12.    Haha, Murder Cop and the Gotham PD are tryna find Amlet and his mom – “There must be a registry of these people, right? Like a Muslim registry, except Amish? I mean, Donald Trump called for a wall to keep out the Mennonites, stands to reason he'd want to register the Amish, right?” “Oh, sure, voter registries, tax records, definitely!” Except the Amish don’t pay taxes, and by-and-large don’t vote, soooooooooo… “Ok, well, maybe you could do some telephoning?” Good luck with that. The Amish have telephones, because what if, God forbid, they need emergency services or something. But the telephones have to be out in a field or a barn or something, and there’s typically only one or two per community. Or they use the phones at their Mennonite neighbor’s houses. Point is, they wouldn’t answer the phone.
13.    Officer Captain Hot Stuff lets Amlet play with his gun, and that is just NOT going to go over well AT ALL. It IS, however, a really great segue into Opa Dawdi’s discussion of Anabaptist pacifism with Amlet and also the wider viewing audience, and I really appreciate that.
14.    Opa Dawdi puts Officer Captain Hot Stuff to work, because far be it from the Amish to pass up free labor. He tries to milk a cow, but can’t, because of course not. It’s actually really hard, if you’ve never done it. My grandma used to milk a couple cows every day when I was a kid, and she used to let me try, and I could never do it, because 1) I was like, 7, and my hands were not strong, and 2) it actually requires quite a bit of coordination.
15.    Officer Captain Hot Stuff tries to make a pop culture reference at supper, and the Amish stared at him like I stare at people when they try to make a pop culture reference at me.
16.    Uh wow, so Amlet’s mom is dancing around a barn with Officer Captain Hot Stuff to an oldies song, and is NOT wearing her covering. HER HAIR IS JUST ALL UNCOVERED, IN THE PRESENCE OF A MAN WHO IS NOT HER HUSBAND, WHAT THE HELL!?! It’s not like she just took it off, or anything, it wasn’t there to begin with! There is just so much wrong with that. She’s NOT WEARING HER COVERING, YOU GUYS THAT WOULD *NOT* HAPPEN. Amish women (and some conservative Mennonite women) are basically Anabaptist hijabis.

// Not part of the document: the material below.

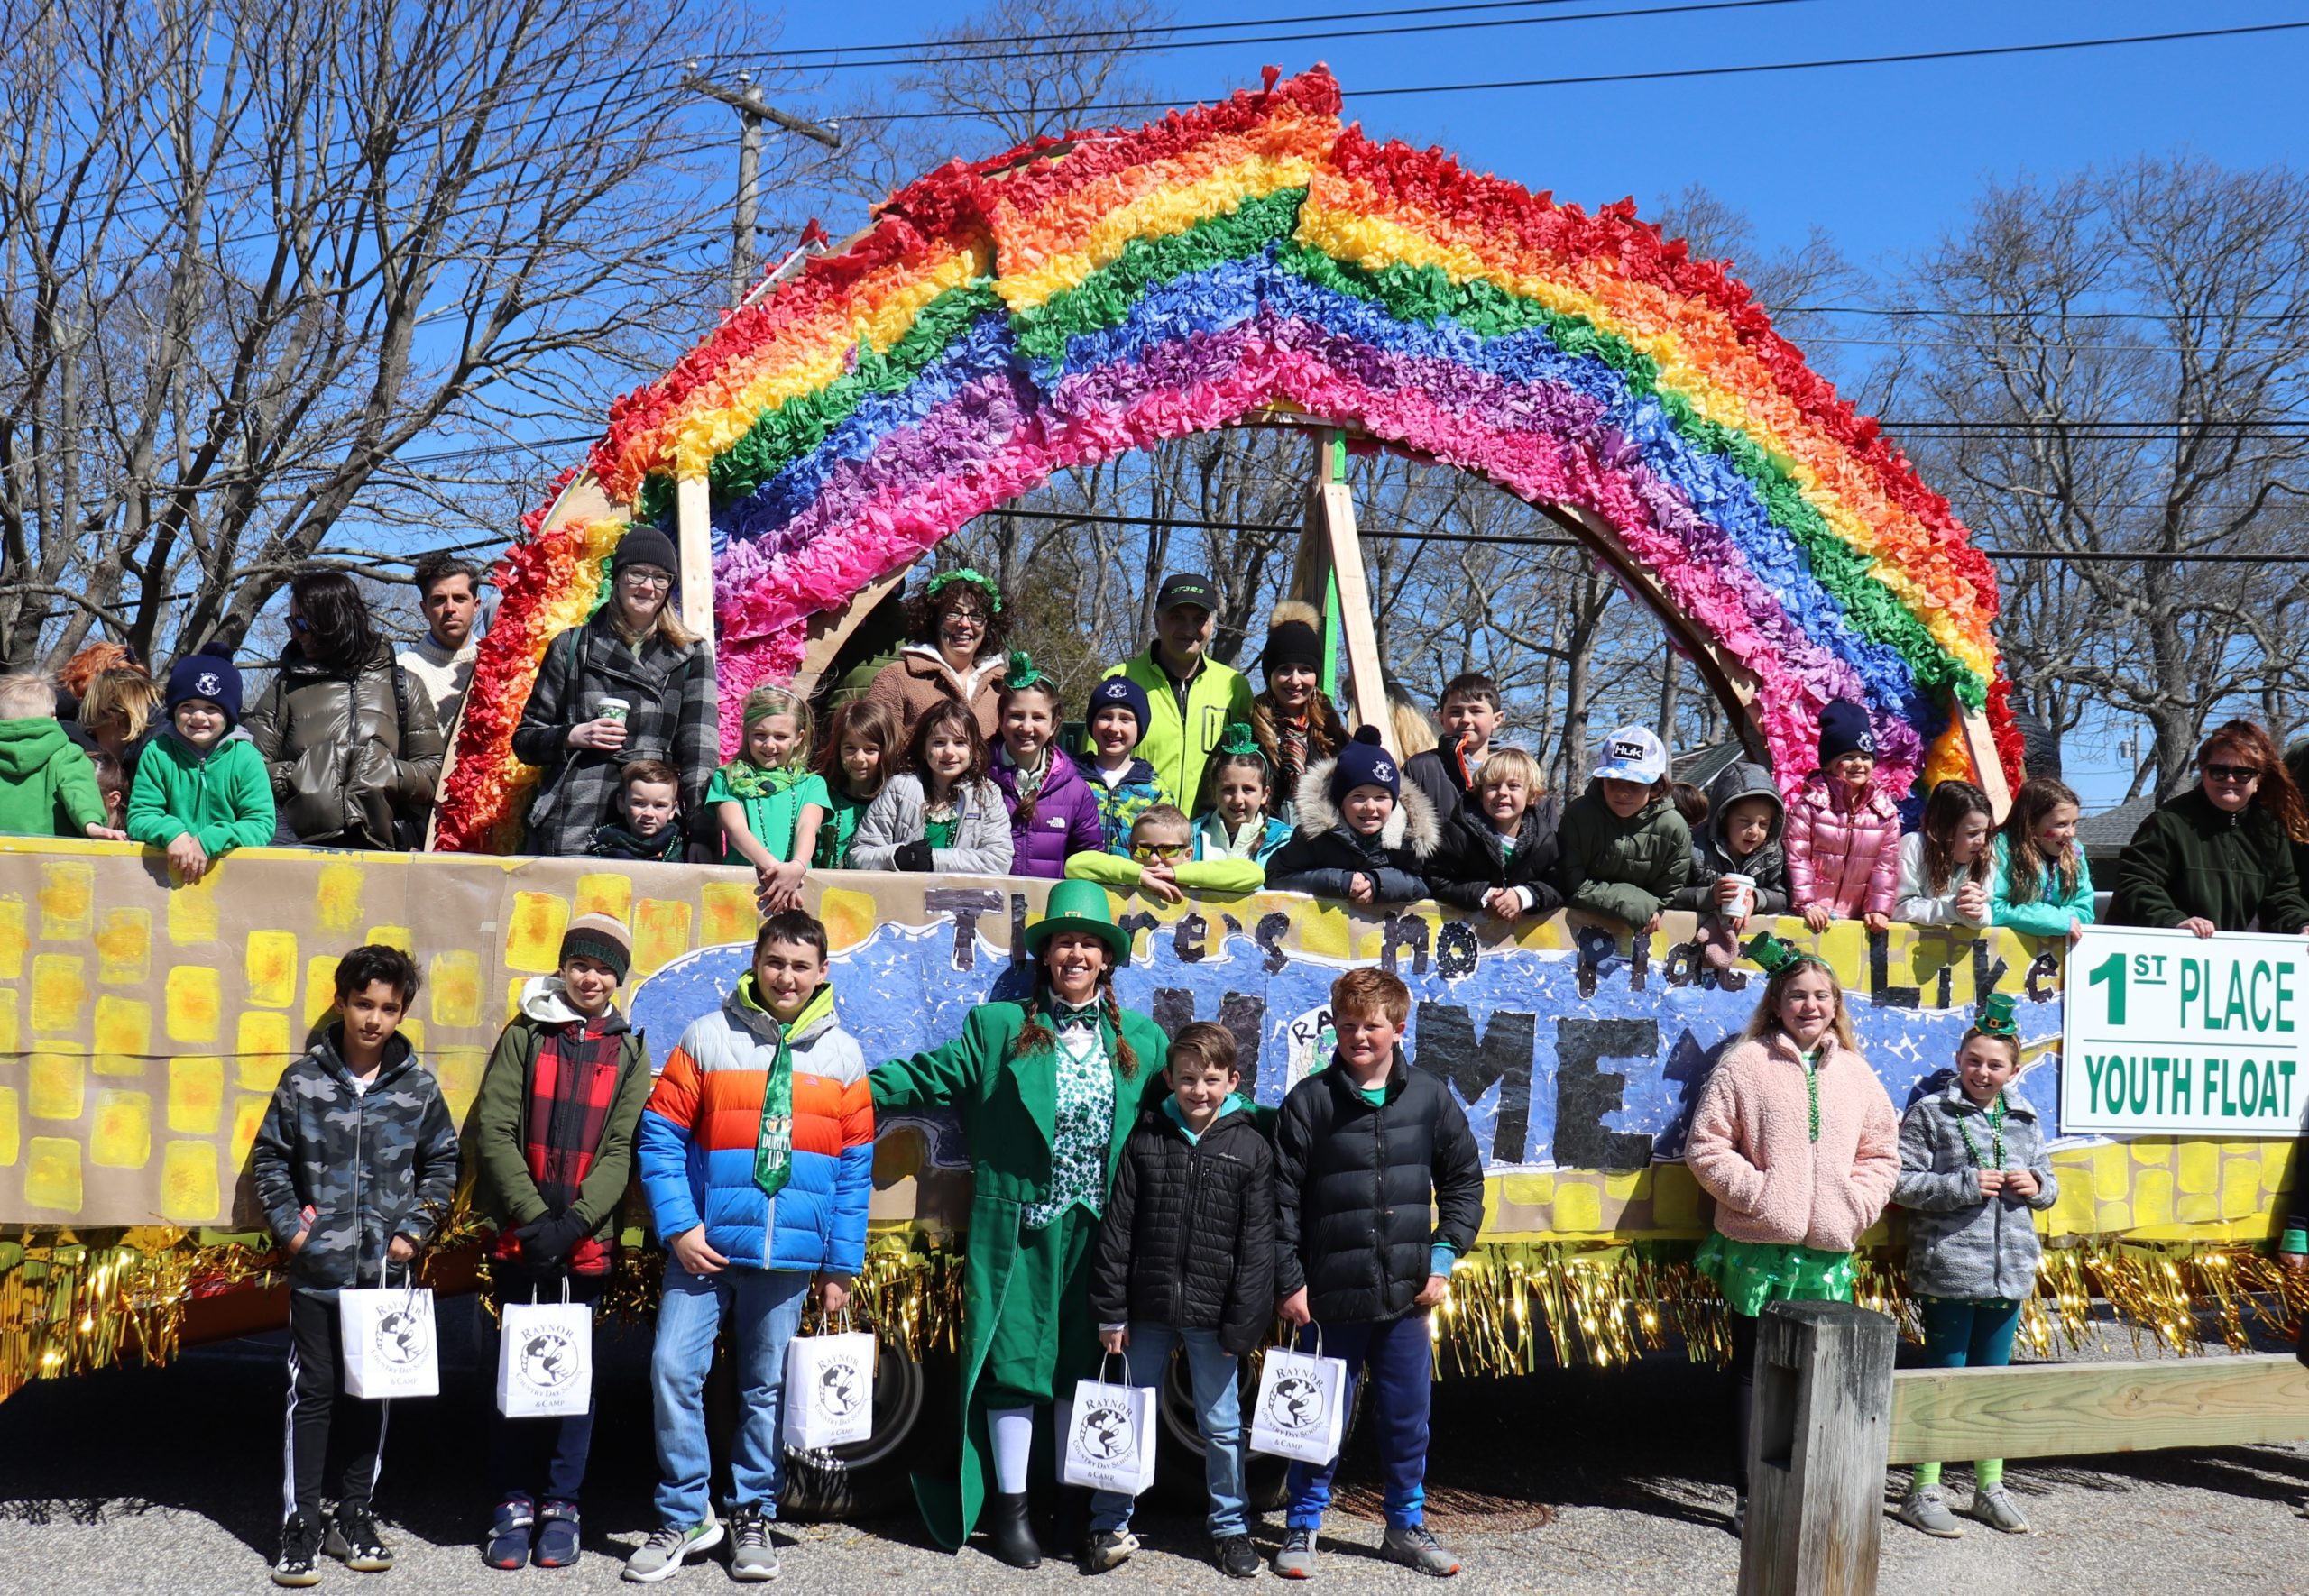 Raynor Country Day School took first place in the Youth Float category at Saturday's annual St. Patrick's Day parade in Westhampton Beach.

17.    Omg wow that is not how shunning works. I mean, yeah, you can’t eat at the same table or touch them, or worship with them, but you can’t just SHUN someone, just like that. There has to be this whole thing of warning them not to, and then having them persist in the face of that warning, and THEN you can be shunned. Also, when a person is shunned, they literally just pull up a card table next to the table, so they’re not TECHNICALLY eating at the same table. They are sneaky.
18.    Gotham PD – “we’re like the Amish. We’re a cult!” OMG THE AMISH ARE NOT A CULT.
19.    OMG BARNRAISING! Honestly, barnraisings always look like such a great time, mostly because I just freaking love it when communities are like “YOU NEED HELP WE WILL BE THERE WITH HELP BECAUSE WE LOVE YOU AND YOU NEED HELP AND WE CAN HELP YOU.” Case in point – when people from our Raleigh church move, they just send out an email being like “Heyyyy, gonna be loading up all our crap on thus-and-such day, give me a hand?” and then like 12 people with moving blankets and trucks and trailers and work gloves all show up and help them move all their crap from their old house to their new house, and it is just so great, and I love it.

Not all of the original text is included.